Com a larga maioria das apresentações feita no âmbito da guitarra clássica, quer em festivais da especialidade quer em recitais “avulso” em teatros e auditórios, incluindo a música de câmara, Artur Caldeira revela que o fado “ocupa igualmente uma razoável fatia” dos concertos em que participa,

“Fui músico convidado na cerimónia de apresentação das Sete Maravilhas, acompanhando Mariza, Camané, Carlos do Carmo e Rui Veloso, bem como no filme Fados do realizador espanhol Carlos Saura, ao lado de Mariza e do guitarrista Paulo Soares”, revela o professor bracarense, que atualmente tem “na estrada” o concerto “Clarinete em Fado”, com Daniel Paredes e o conceituado clarinetista Maestro António Saiote.  Artur Caldeira integra também o elenco de músicos na “Vox Angelis”, sediada em Lisboa.

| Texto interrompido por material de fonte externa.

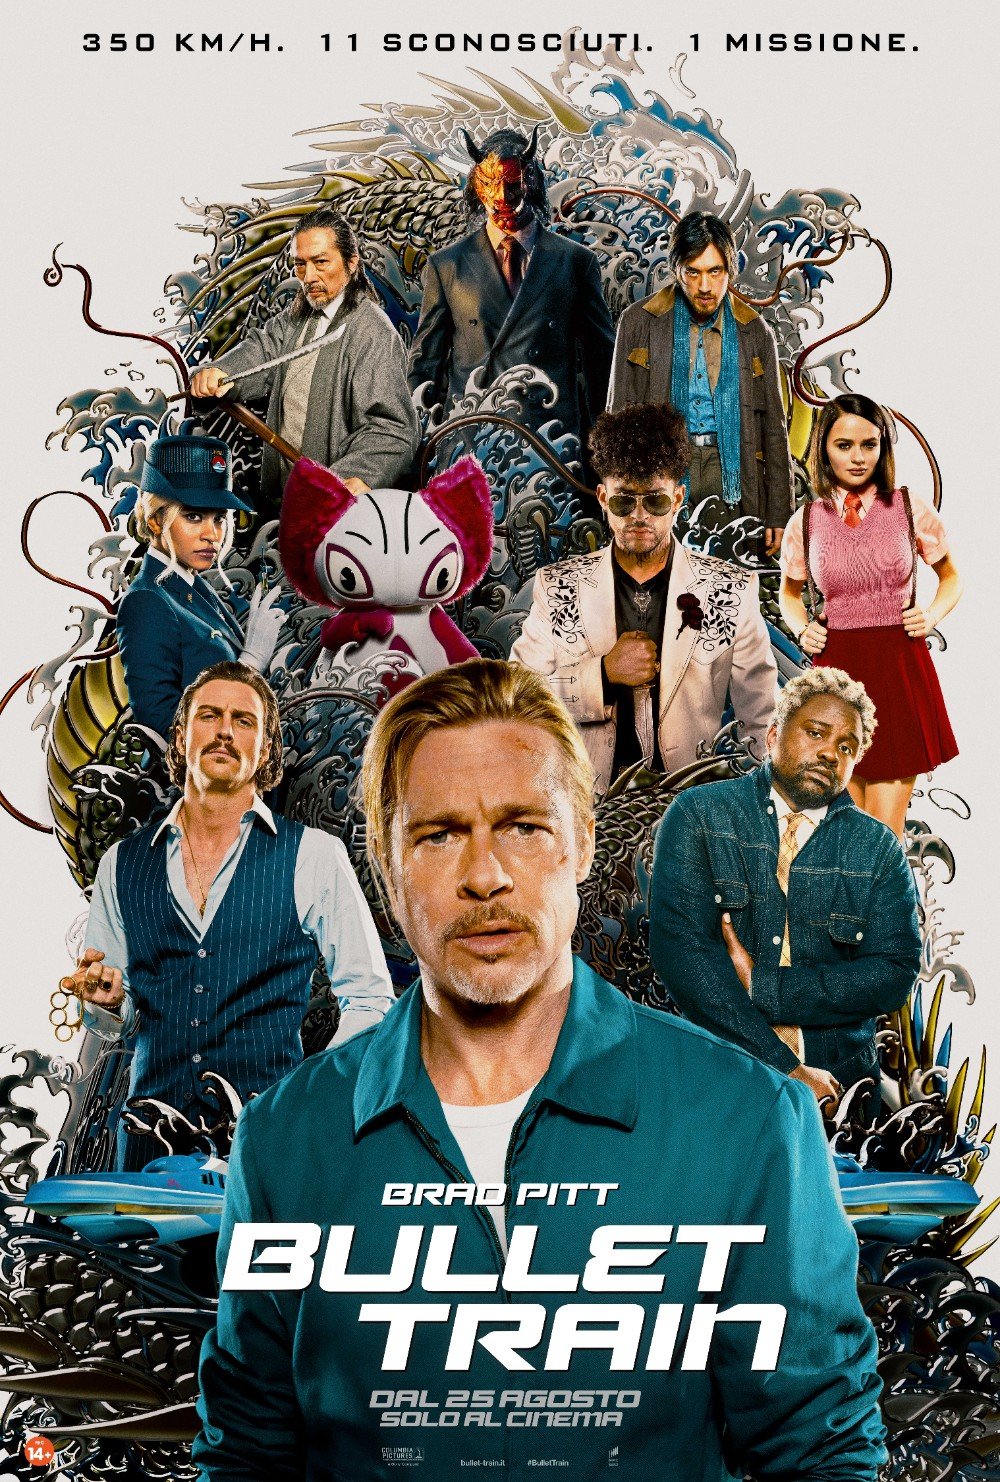 Il nuovo trailer e poster di Bullet Train con Brad Pitt.

No âmbito da música ligeira, trabalhou com Carlos Mendes, Fernando Tordo, Mafalda Veiga e, no Fado, João Braga, Kátia Guerreiro ou Ana Moura são outros dos nomes acompanhados por Artur Caldeira.

“Toquei praticamente em todo o continente português, na Madeira e em várias ilhas açoreanas e também em Espanha, França, Suíça, Itália, Dinamarca, Turquia, Marrocos e Moçambique”, revela ainda, explicando que sempre que lhe perguntam a profissão, responde “sou Músico”, para logo lhe dizerem “não é isso, qual é mesmo o seu trabalho?!”.

Já no que toca à cidade de Braga, e em termos culturais, Artur Caldeira classifica-a como “algo estranha”. “Braga é a minha cidade natal. É algo estranha no que respeita às actividades culturais, onde se confunde amiúde cultura com entretenimento”, revela, explicando que “os dois são necessários, mas o segundo não pode substituir a primeira, sobretudo com os recursos desta”.

Mas o professor confessa que “tem havido bastante atividade musical”, e que a guitarra clássica é um instrumento em alta nos dias de hoje, cada vez mais procurado e cada vez com mais jovens talentos a sobressaírem”. “Há apenas que ter o cuidado de o respeitar e não o banalizar em demasia”, alude.

Em Braga, sente-se “apoiado” pela população mas não pela cidade em si. “Em Braga, no que diz respeito a apoio, nunca o tive…”, revela, confessando que tem apoio de várias autarquias por onde vai atuando pelo país.

“Tenho recebido fortes elogios de quem assiste às minhas prestações, quer ao vivo quer em gravações. Tenho algumas centenas de seguidores fiéis nas plataformas digitais e sei ter admiradores na minha cidade. Tenho também recebido algumas críticas menos amigáveis, mas de pessoas, sobretudo bracarenses, que não têm a mínima ideia do meu percurso ao longo destes 35 anos de trabalho”, confessa, revelando que para o futuro tem agendado um concerto no Teatro São Luís, em Lisboa, como convidado de Maria Ana Bobone, para breve.